In recent years, although the technology of FTP search engines has developed rapidly, compared with WWW search engines, the number of FTP search engines is small and the technology is immature, and there are still many places to be improved: (1) The number of FTP search engines is still relatively small, and the scale and quality of search engines still depend on the amount of information they maintain. According to statistics, there are hundreds of millions of file entries provided by anonymous FTP services in the world. Even in the largest Philes.com, according to the statistics of Chen Hua and Li Xiaoming in July 2002, there are only 209,698,206 copies. (2) The retrieval function is not perfect. Search function is the most important part of search engine. Many search engines can't support simple Boolean retrieval such as "AND" and "OR", which leads to the files in the database can't be retrieved. (3) The characteristics of the FTP server itself determine the weakness of the FTP search engine, that is, because the FTP server has opening hours, some limit the IP address, some limit the number of users who log in, and different servers set different connection port numbers, some search results cannot be accessed, which greatly reduces the satisfaction of users.

2.2 Development trend. As mentioned above, FTP file search engine technology is not very mature, but it is developing very rapidly, and its development trend is mainly manifested in the following aspects: (1) the retrieval function is increasingly rich. Skynet FTP file search engine can now achieve advanced search based on file size, file upload date and network segment (such as North China Network and East China Network) and limit search results. AlltheWeb.com has added retrieval methods (regular expression retrieval, accurate retrieval, browsing, case sensitivity, etc.). ), and restricted the host (edu or gov or com, etc.). ), file type, file size, date and other functions. (2) Personalization of retrieval service. Now ftp search engine researchers have begun to pay attention to this aspect. Skynet FTP search engine has many options that can be personalized: it can set the sorting method of users' different preferences, it can set the priority of foreign files or domestic files, whether foreign files should be given priority to foreign users, whether files on FTP or WWW should be given priority, and whether to choose Chinese or English. AlltheWeb.com can complete more personalized settings, such as selecting the host to provide the results, setting the language, setting the file size of the search, whether to display the search keywords in brightness, setting the user language, and keyboard shortcuts.
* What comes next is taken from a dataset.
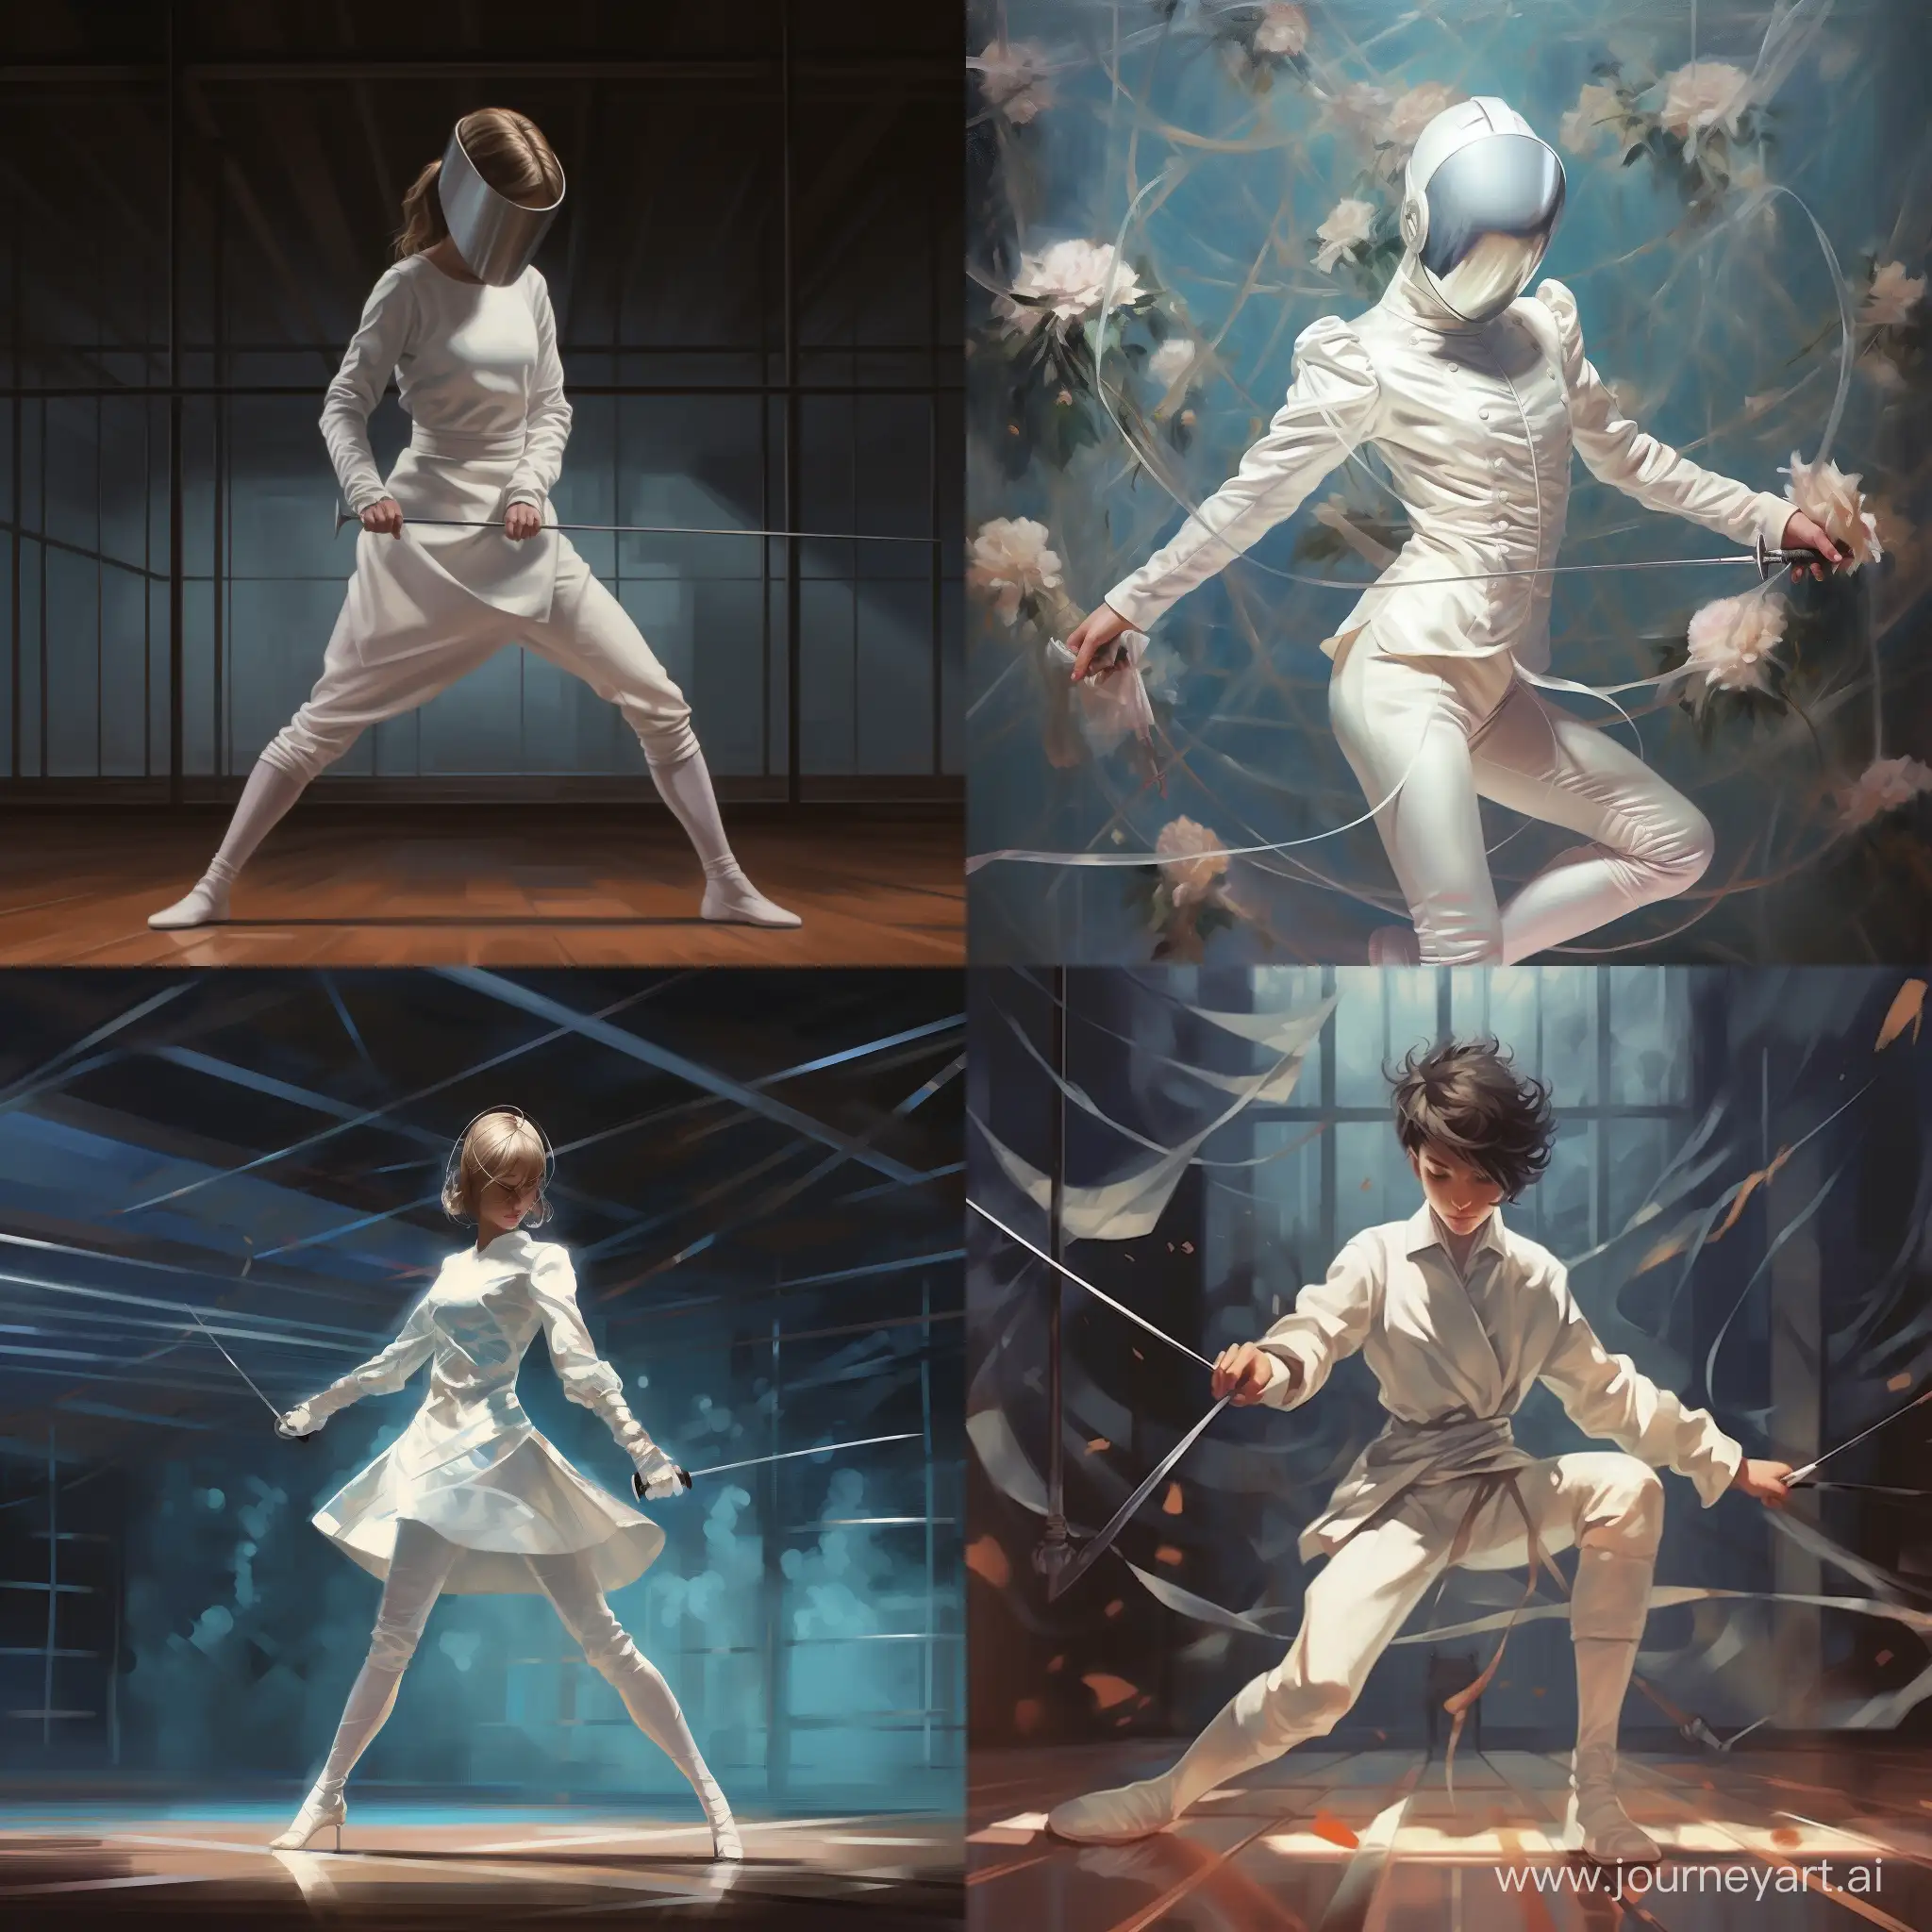 Elegant-Fencer-in-11-Aspect-Ratio-Dynamic-Swordplay-Art

3. The present situation and development trend of retrieval technology based on network retrieval tools.

3. 1 With the expansion and development of online information resources, a search engine, no matter how perfect, can't meet all the retrieval needs of a person. In the case of literature investigation, special inquiry, news investigation and traceability, software and MP3 download address search, people need to use a variety of search engines to compare, screen and verify each other. In order to solve the tedious operations such as logging into each search engine one by one and inputting the same search request (search string) in each search engine many times, search tools based on network search tools came into being.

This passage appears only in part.